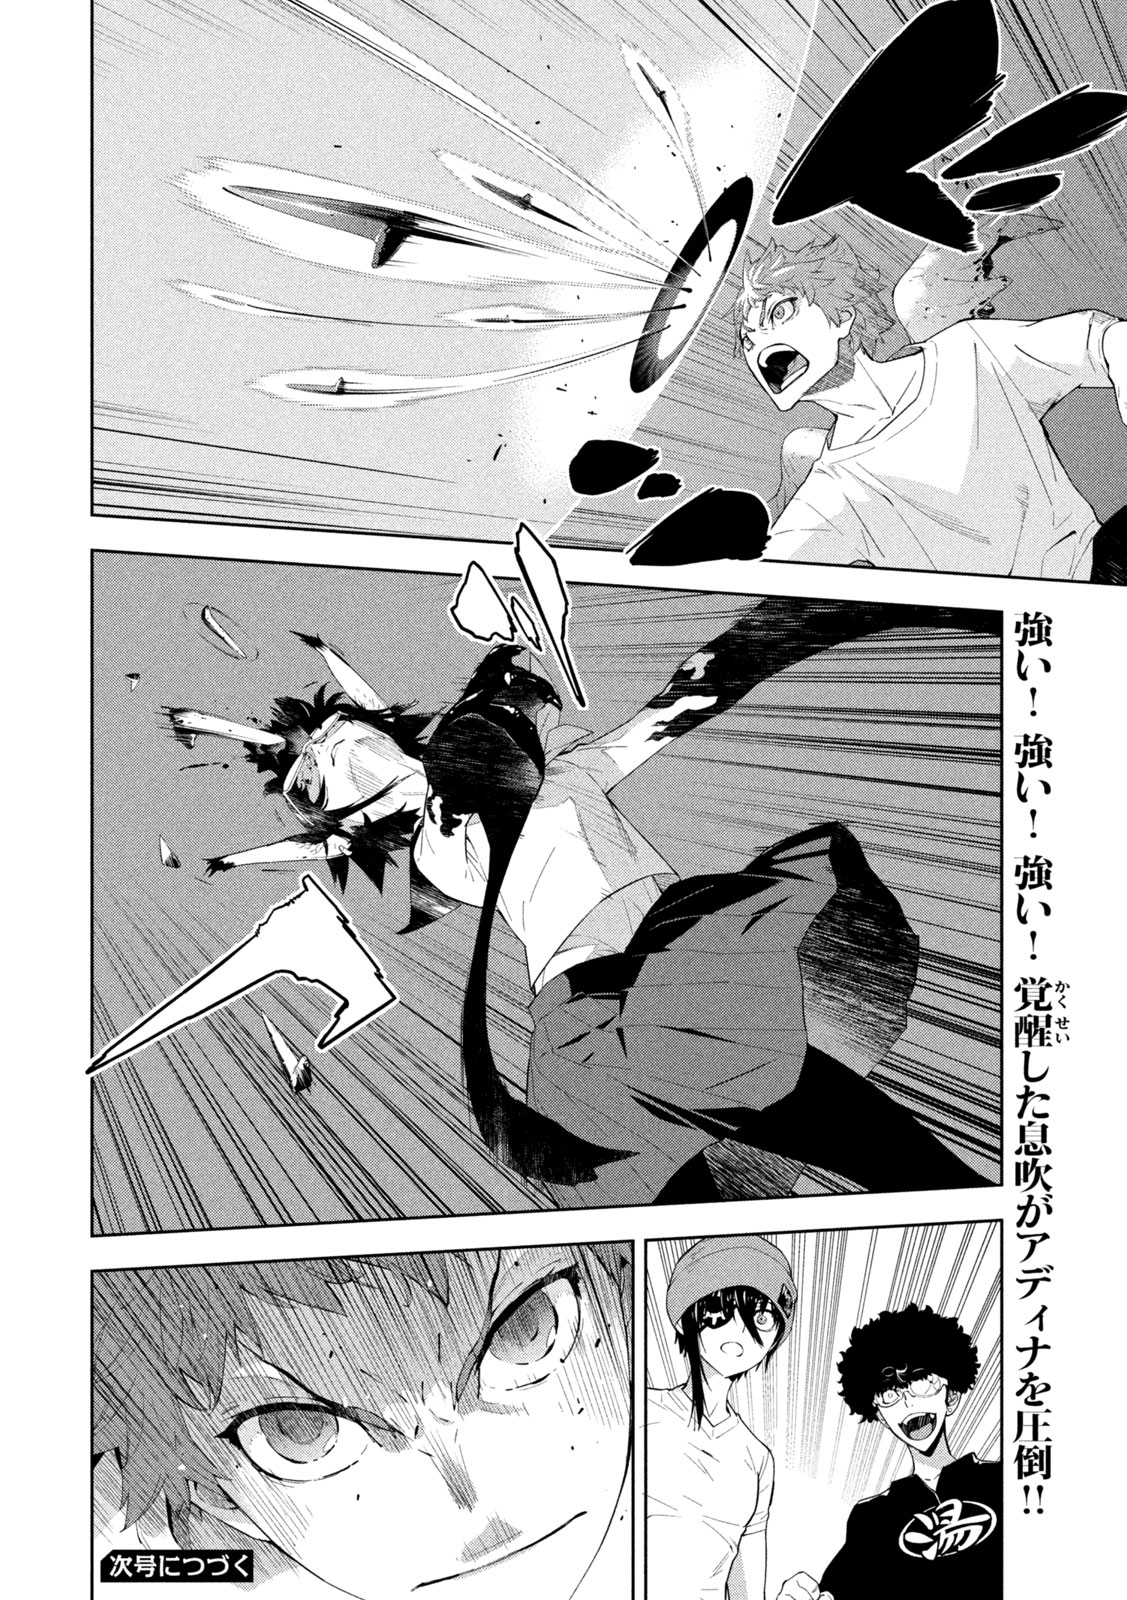 Seirei Tsukai – Chito no Jinshi - Chapter 29 - Page 12
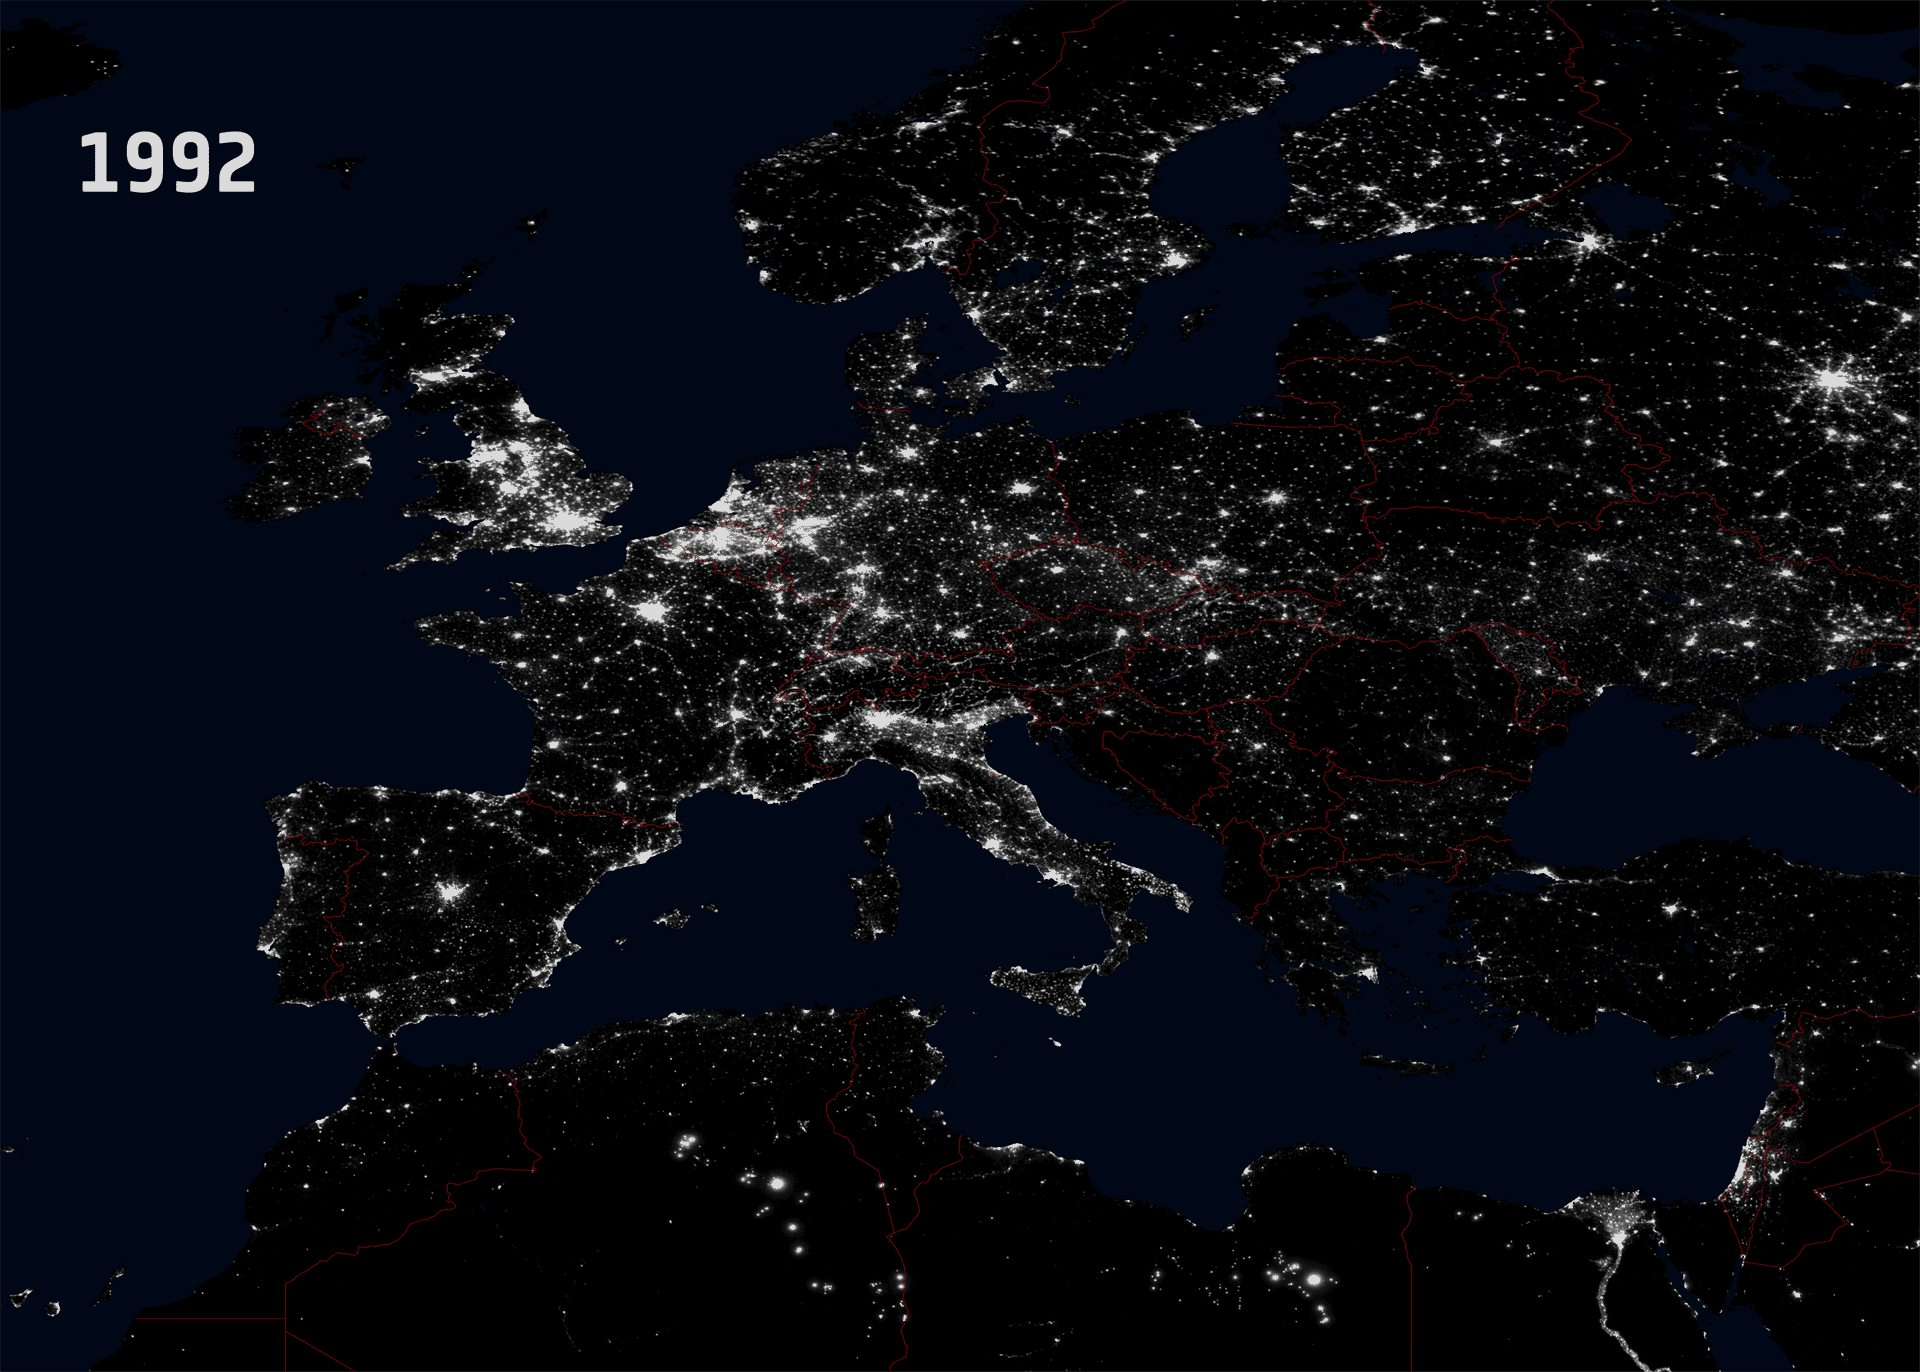 Nachtlichter in Europa, 1992 und 2010
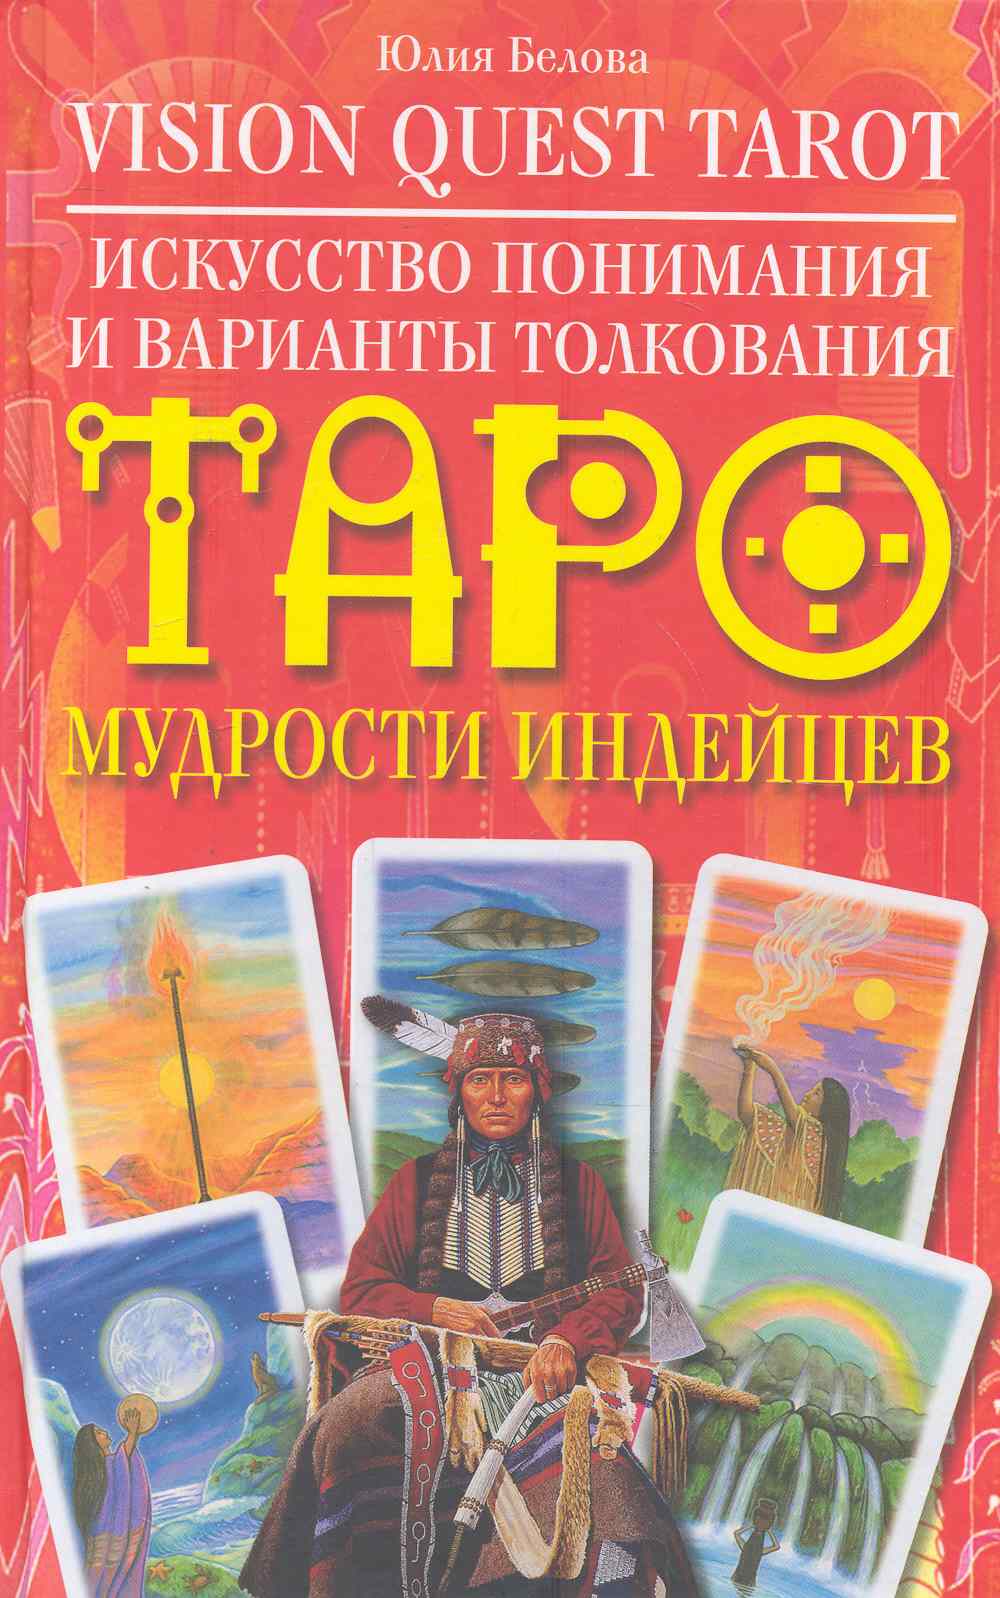 Белова Юлия Валерьевна Vision Quest Tarot. Искусство понимания и варианты толкования Таро мудрости индейцев
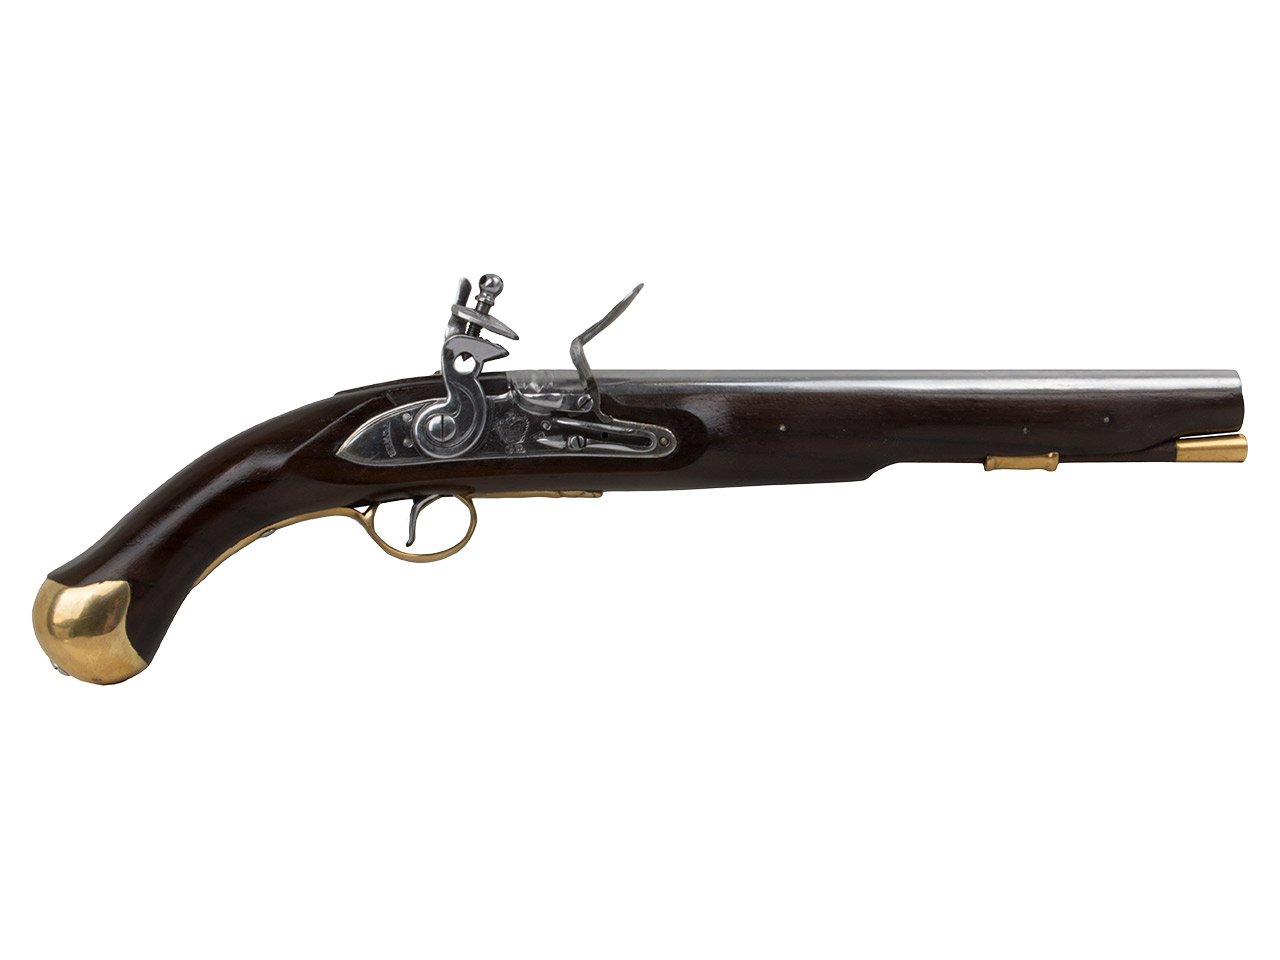 Vorderlader Steinschlosspistole British Royal Navy Sea Service Pistol Pattern 1756 Kaliber .63 bzw. 16 mm (P18)

## WHAT IS NEEDED
The answer is every line of the data, exactly as written, with the pictures dropped.

## RESULT OF THE TASK
 Seirei Tsukai – Chito no Jinshi - Chapter 29 - Page 12
 Nachtlichter in Europa, 1992 und 2010
 Белова Юлия Валерьевна Vision Quest Tarot. Искусство понимания и варианты толкования Таро мудрости индейцев
 Vorderlader Steinschlosspistole British Royal Navy Sea Service Pistol Pattern 1756 Kaliber .63 bzw. 16 mm (P18)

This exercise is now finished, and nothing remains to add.